In the previous post we discussed coding standards, and in this one we will examine the equally important subject of module/unit tests, and in particular the built-in module testing framework that Mitopia® provides, and which MitoSystems’ coding standards mandate. A distinction is generally made between ‘unit tests’ and ‘module tests’, the former is normally a development phase activity performed by the developer on a per-function basis while the latter is normally though of as something that happens after initial development and may be repeated regularly to ensure the module still performs as expected during maintenance. Module tests tend to test operation of an integrated set of functions more than unit tests do. In either case, these tests tend to involve running the target code within some kind of specialized testing harness which is quite distinct from the actual program the code is designed to be part of.
In Mitopia® we take the position that unit tests and module tests are one and the same, and that rather than being distinct from the target application, they are always part of it, and can in fact be invoked at any time from within the Mitopia® application itself. This is a fairly radical departure from normal approaches, and so perhaps we should start out by describing the reasoning behind this choice of approach.
The following are some key advantages of having module tests available in-place in the target application:
The basic concept behind Mitopia’s module test approach is that every test step should convert the results of code execution to some form of human readable string, and that by defining an ‘expected’ value for this string and comparing it to the actual ‘achieved’ value, all test steps can be reduced to a standardized form and the entire test step registration and execution process can be formalized and controlled within Mitopia® so that all test steps remain available at all times. If the two string match, the step passes, if they don’t match, the framework can print out the expected and achieved, and the tester can easily see where any why they don’t match. Now the first time someone unfamiliar with this approach hears this strategy, they invariable say well … not everything can be converted to a string like that, what about if its a comms. thingy, multi-threaded, causes errors, or perhaps is user interface stuff, how do you convert that to a string? My answer is that: all of these kinds of things are module tested within Mitopia®, and we have found ways to convert all of them to meaningful strings. It is really very simple. So, given that premise, lets go ahead and describe the basic structure of a module test and the API’s one uses to register and execute it:
The screen shot to the left shows the final portion of the function popup within the development environment for the Lex.c package. Mitopia® coding standards dictate that every module have an initialization and termination function which must be named XX_Initialize() and XX_Terminate() where XX_ is the package prefix, it also mandates that these functions be at the end of the source file. Part of the reasoning for this is that this allows the initialization function to ‘see’ and register the entirely ‘static’ module test – which the coding standards dictate should appear immediately above the Initialization section as shown in the screen shot.

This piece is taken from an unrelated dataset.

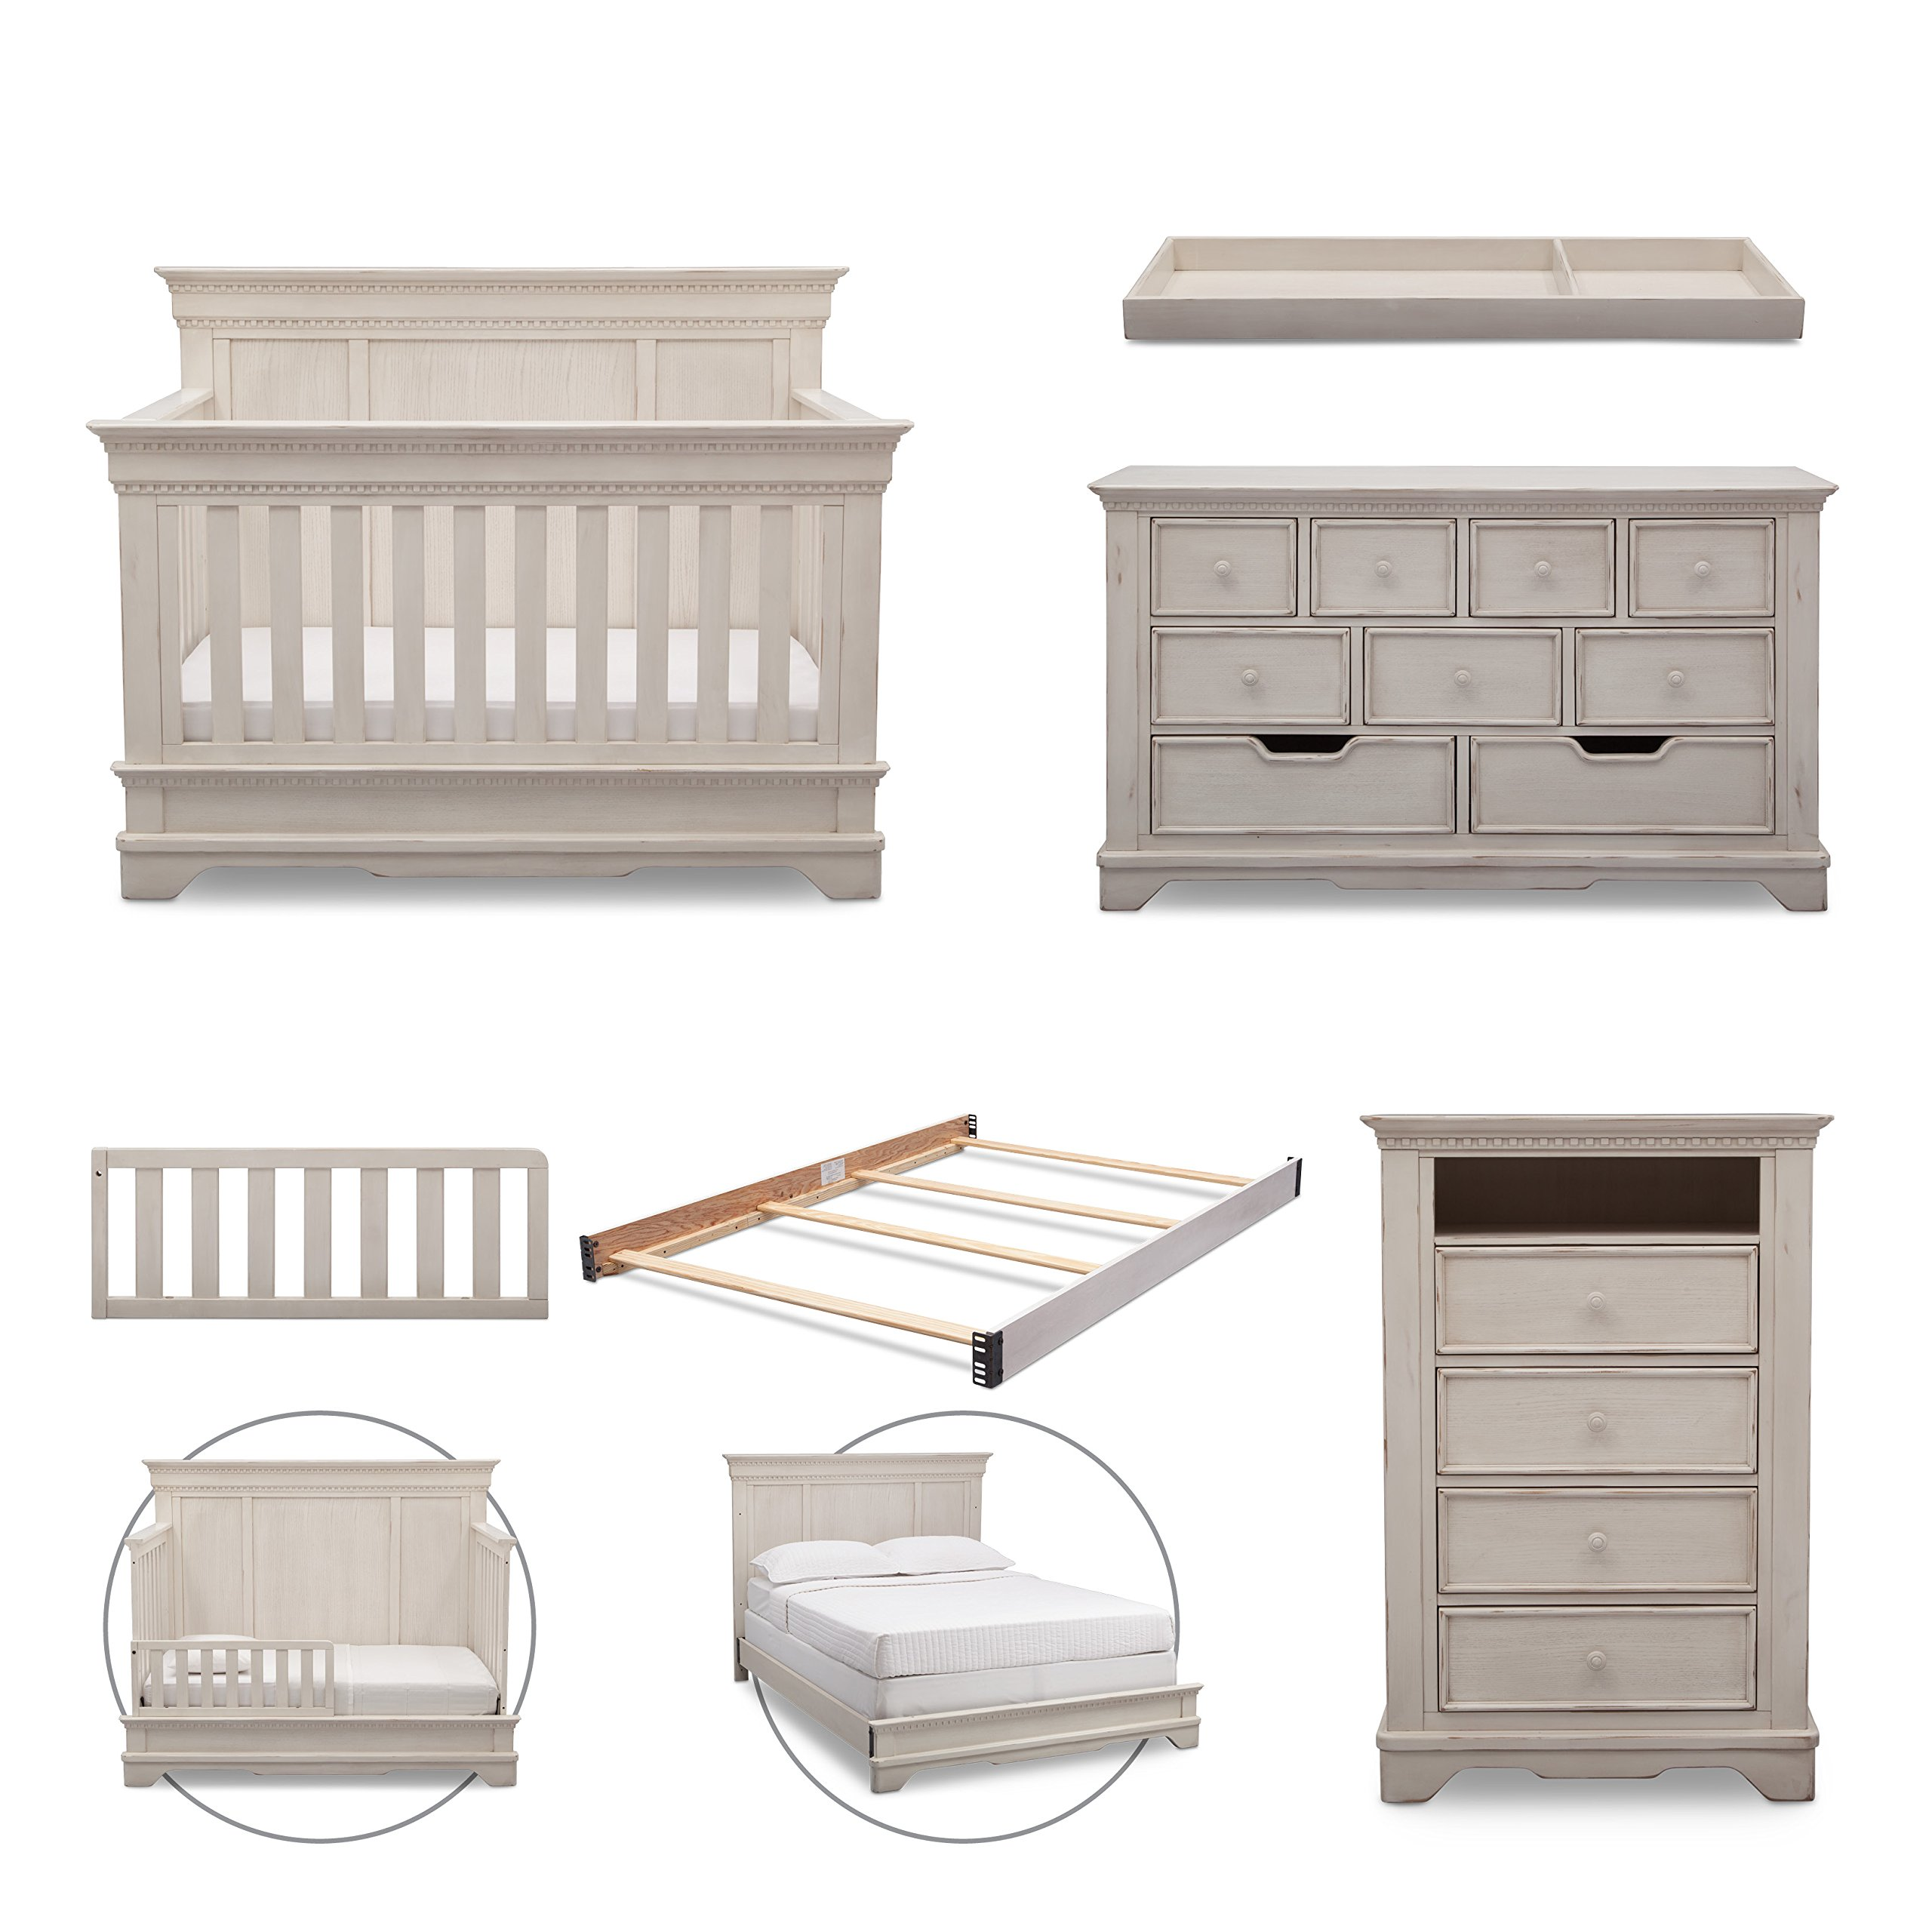 Simmons Kids Tivoli 6-Piece Nursery Furniture Set (Convertible Crib, Dresser, Chest, Changing Top, Toddler Guardrail, Full Size Conversion) | Antique White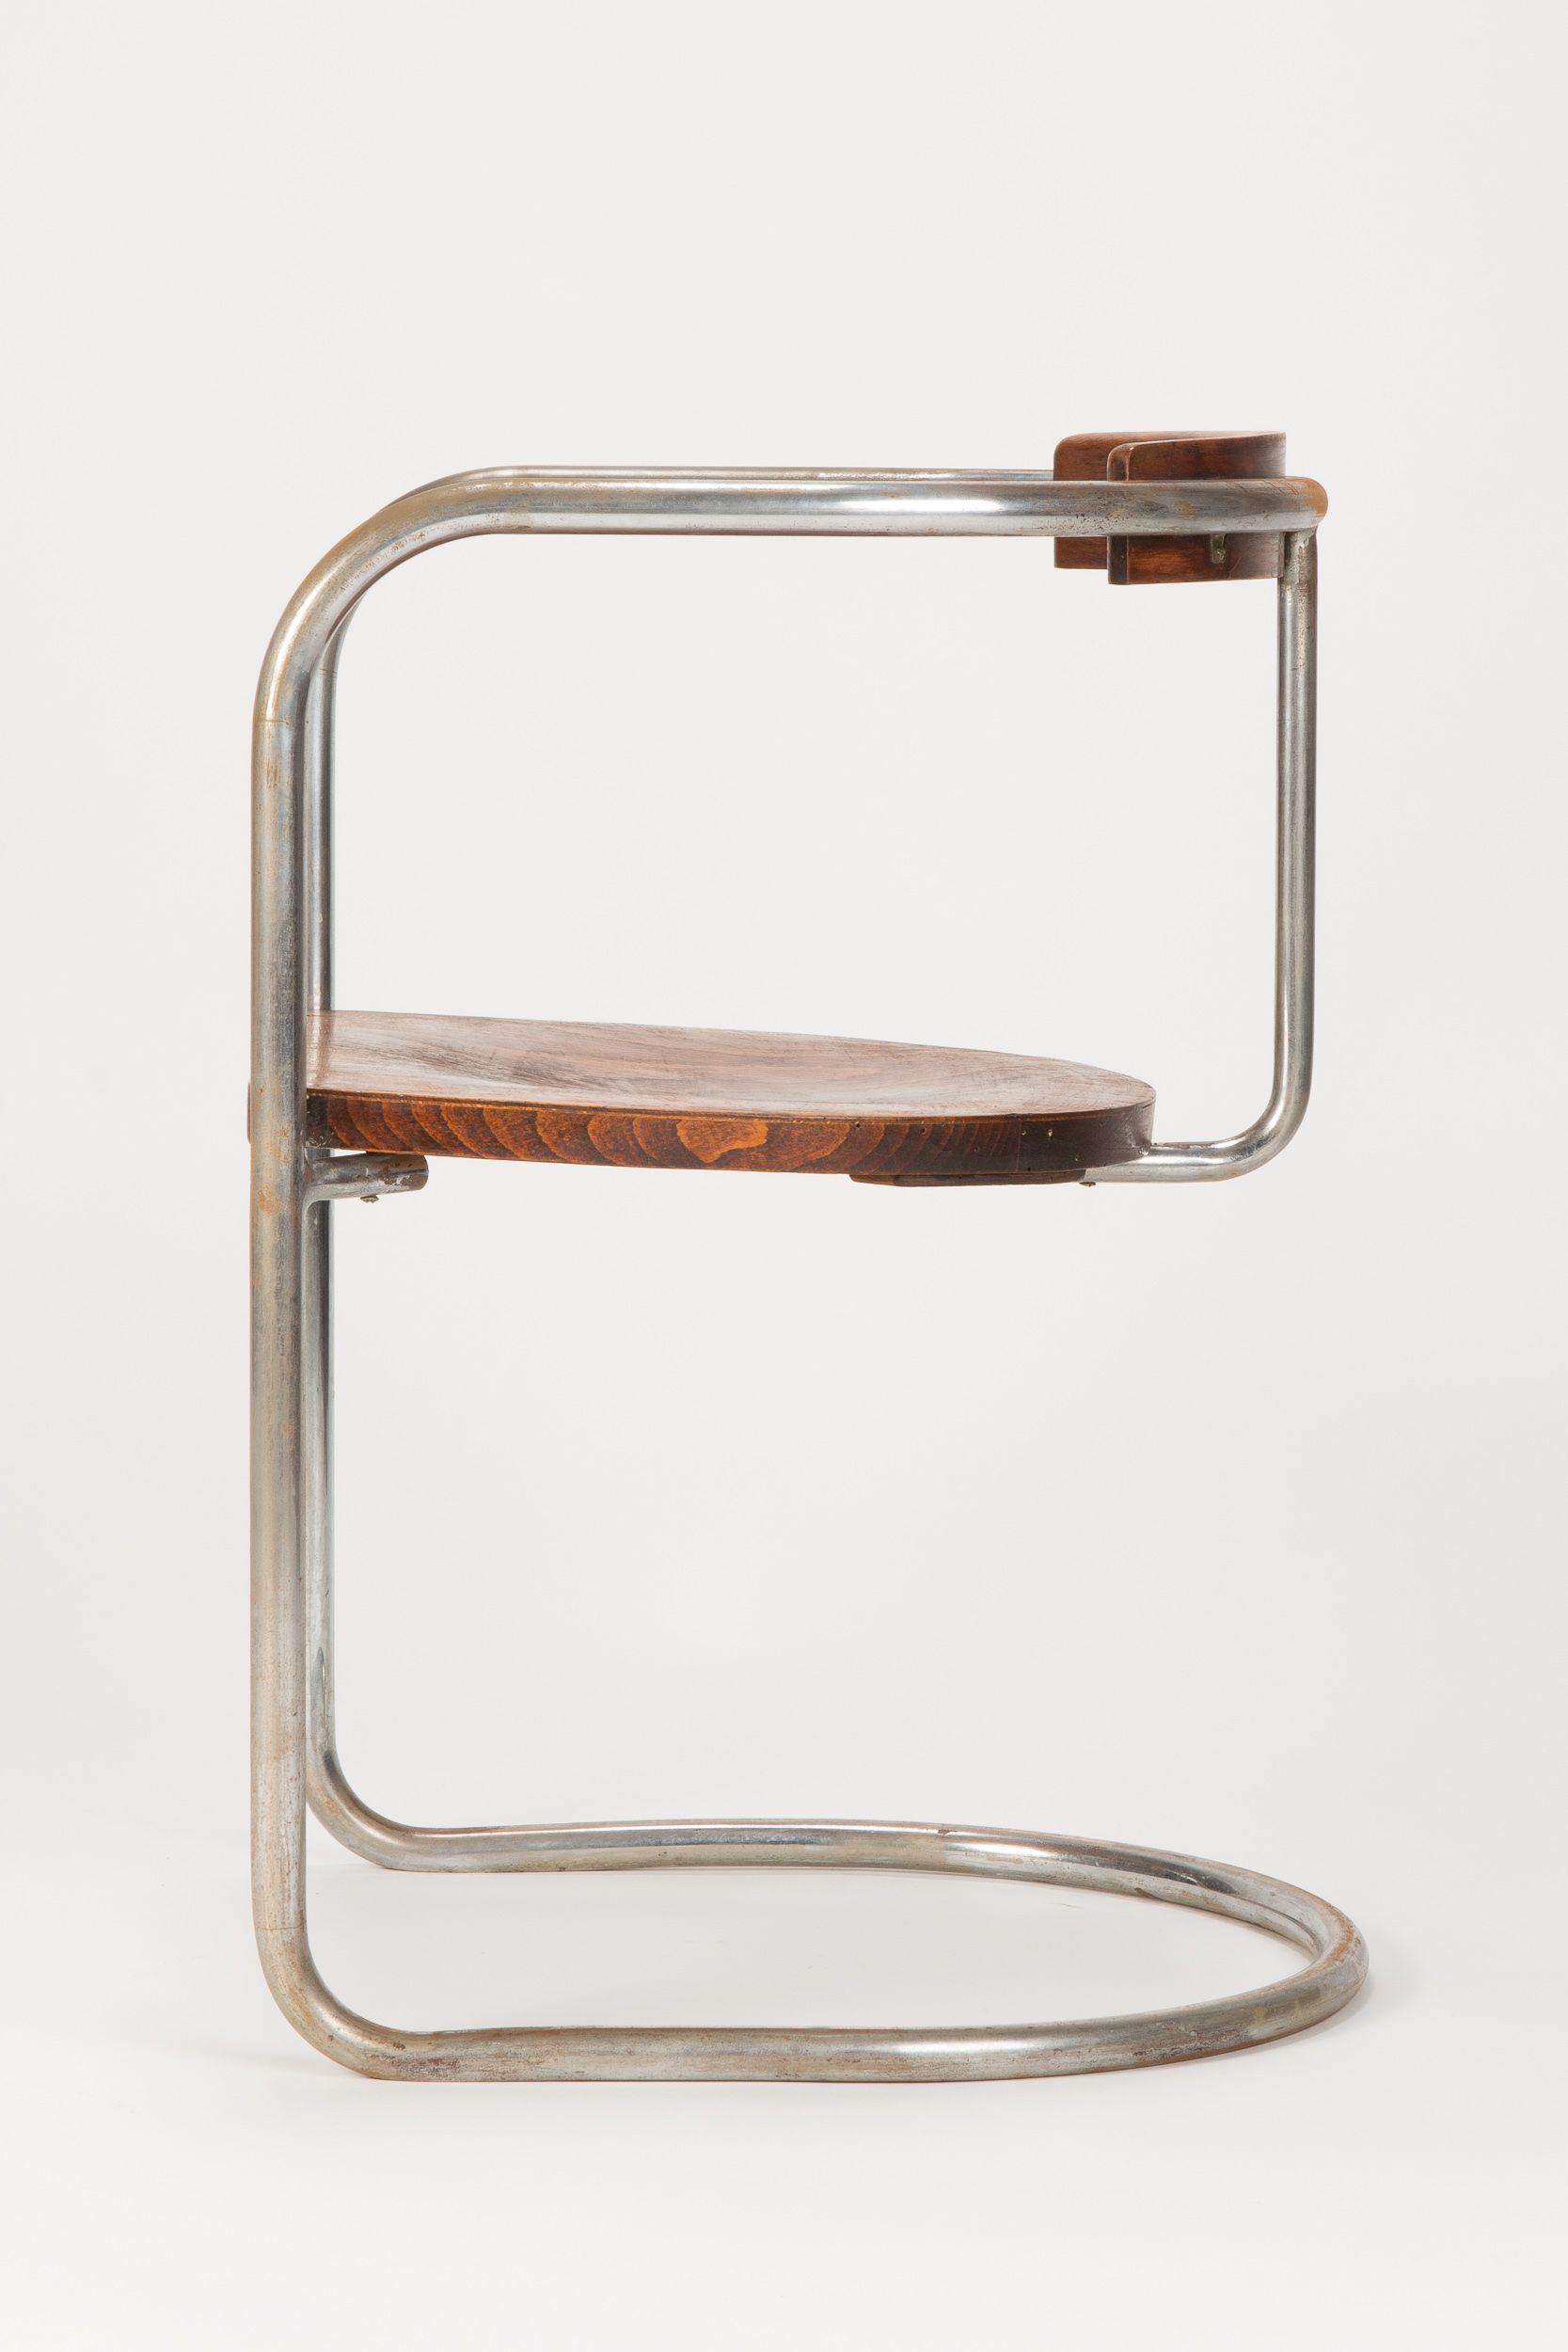 Bauhaus Steel Tube Cantilever Chair 30s Bauhaus In 2018

We can see from the screen shot that for the Lex package, the module test comprises 19 distinct test steps.
The module test itself is registered with the suite by calling DG_RegisterModule() as illustrated above. The function LX_CALLtest() provides the interface to the standard module test suite, and the second string parameter is the module name. This registration allows the module test to be run at any time from the built in Administration window simply by choosing “Invoke a Module Test” and then picking the name of the module to be tested as illustrated in the screen shot below:
The screen shot to the right illustrates the code necessary to register the various test steps with the test suite so that it can call them. Note that LX_testInitialize() defines a global using Mitopia’s OC_MakeGlobal() function to reference the test context handle ‘cHdl‘. This makes the test context available to other code and threads throughout the system. In particular, should any test step cause an error report (in this thread or any other), the error logging facility will automatically insert the error details into the current ‘achieved’ string as a result of the module test suite registering a custom error handler for this purpose. This will thus make a test step that is not expecting the error fail.
Every package defines its own unique module test context type (in this case LX_testContext) and these always start with the defined Mitopia® type ET_TestContext which is used by the module test suite to perform all its functions (see definitions below). In particular this structure is used to track the registered test steps and hold the expected and achieved strings for each step. Specific modules may add additional fields and structures to this generalized test context as required by their own module test code. In the case of the Lex test, it adds a lexical analyzer DB and a large buffer used internally by certain steps (see above).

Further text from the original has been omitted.